Sauve qui peut... les poulets

Voici ce que j'ai appris en regardant un dvd intitulé Sauve qui peut... les poulets, à propos de l'industrialisation de l'élevage de poulets. Oui, le texte est long, mais sa lecture prend énormément moins de temps que de regarder le dvd.

Le reportage donne tout de suite le ton en présentant des images un peu affreuses de corps de poulets qui défilent sur des crochets et sont tranchés lorsqu'ils passent devant une lame. Avec 160 000 tonnes de poulet consommé chaque jour, le poulet est devenu une marchandise pour des entreprises agro-alimentaires mondiales.

Tout d'abord admirons une usine thaïlandaise. Le numéro 1 mondial du poulet est thailandais, il se nomme CP. Un commercial forcément objectif nous fait visiter l'usine (en omettant le côté obscur bien entendu). Une publicité de ce groupe dit que le poulet est plein de protéines, qu'il est peu gras [je dirais que ça dépend s'il est de bonne qualité], et il a bon goût [moi je trouve le poulet insipide, à part les vrais poulets fermiers]. Nous voyons de gigantesques poulaillers, 11 poulets au mètre carré, 16 000 par poulailler, 250 poulaillers, soit au total 4 millions de bêtes.

Grâce à une débauche de capteurs, partout et pour tout mesurer, la présence d'un seul humain suffit pour élever 100 000 poulets. La nourriture des poulets est exclusivement importée (maïs et soja).

Chaque jour 700 000 unités sortent de l'usine à poulets, débités par des humains. La chaîne de production regroupe une armée de gens en tenue bleue, seuls les yeux dépassent, les chefs ont un habit de couleur différente et un porte-voix. 20 000 personnes travaillent ici. Témoignage d'un employé recueilli à la cantine (sous les yeux du commercial, discours forcément sincère donc...) : « J'aime beaucoup ce travail, les chefs sont très gentils ».

Thaïlande et grippe aviaire. La Thaïlande est l'un des pays foyers de la grippe aviaire [comme par hasard]. Pour lutter contre cela, les animaux dans des poulaillers à l'air libre ont été abattus. Notre numéro un mondial n'a pas été inquiété, ses poulets sont soi-disant isolés du monde extérieur (nous verrons plus tard que cela est faux). Peut-être son influence au sein du gouvernement thailandais, et le fait qu'il aie même ses propres conseillers auprès du premier ministre y est pour quelque chose dans cette tranquillité...

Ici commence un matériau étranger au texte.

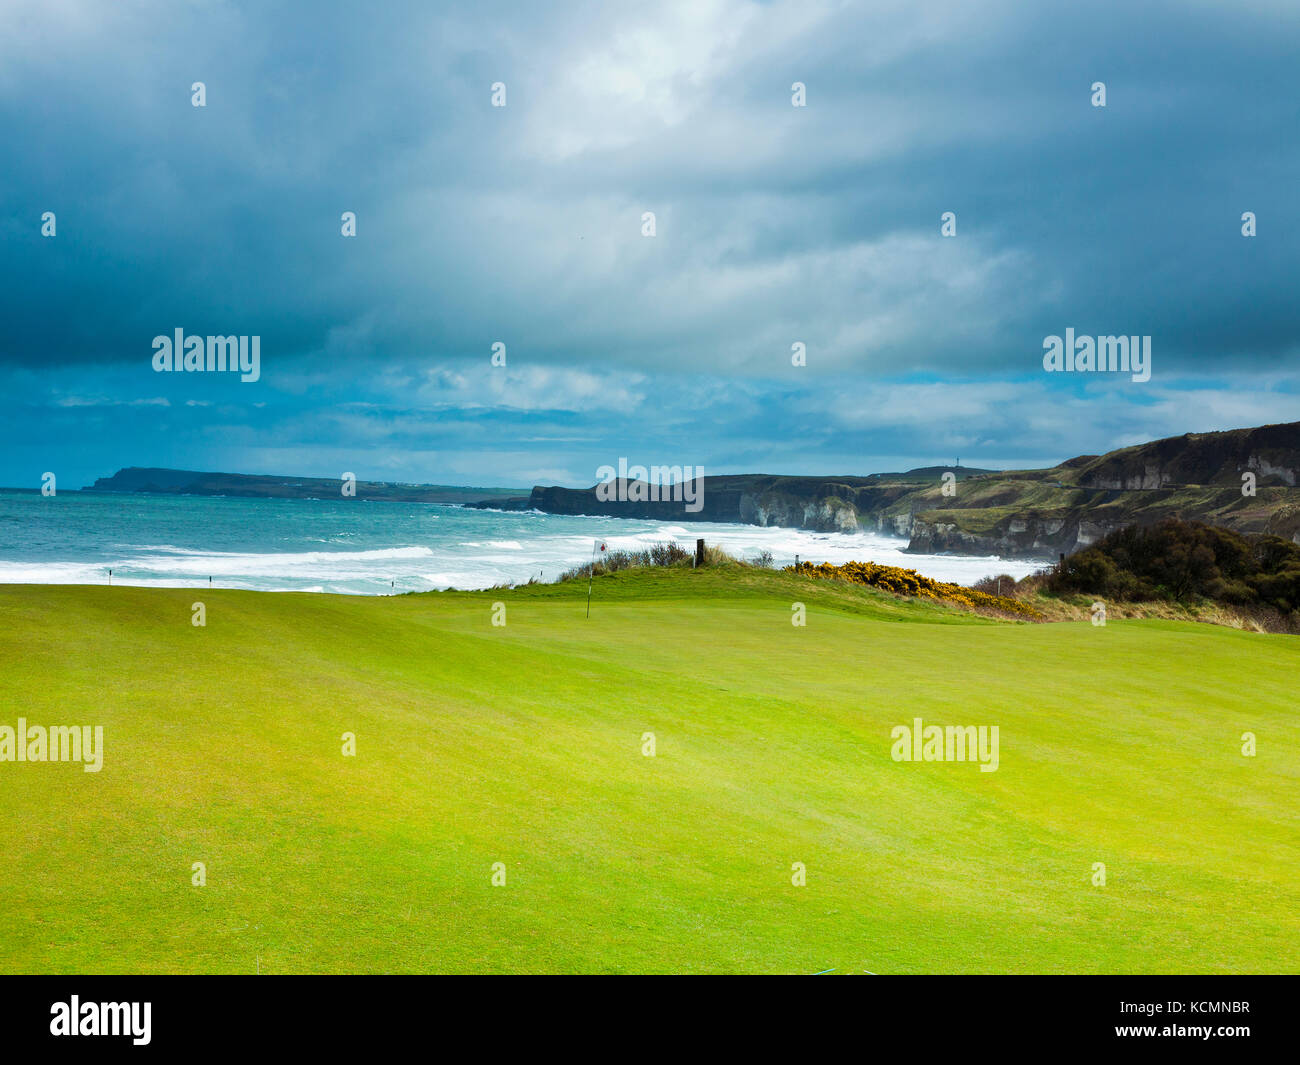 Quinta verde dall'Oceano Atlantico al Royal Portrush Golf club la sede per il 2019 Open di golf Foto Stock

Monsieur le commercial nous dit qu'il y a des analyses en continu sur ses poulets, « aucune raison de s'inquiéter », affirme-t-il. La preuve : les clients ne sont pas partis, et il y a même des nouveaux clients à cause de la grippe aviaire [on pourrait presque croire qu'ils ont cherché à arrêter les petits et moyens élevages afin d'augmenter la part de marché des gigantesques].

Revenons en Europe. Le poulet thaïlandais se vend très peu, en effet le poulet cru importé est surtaxé en Europe, cependant de plus en plus de poulet cru est importé du Brésil. Les plats cuisinés à base de poulet proviennent de l'étranger.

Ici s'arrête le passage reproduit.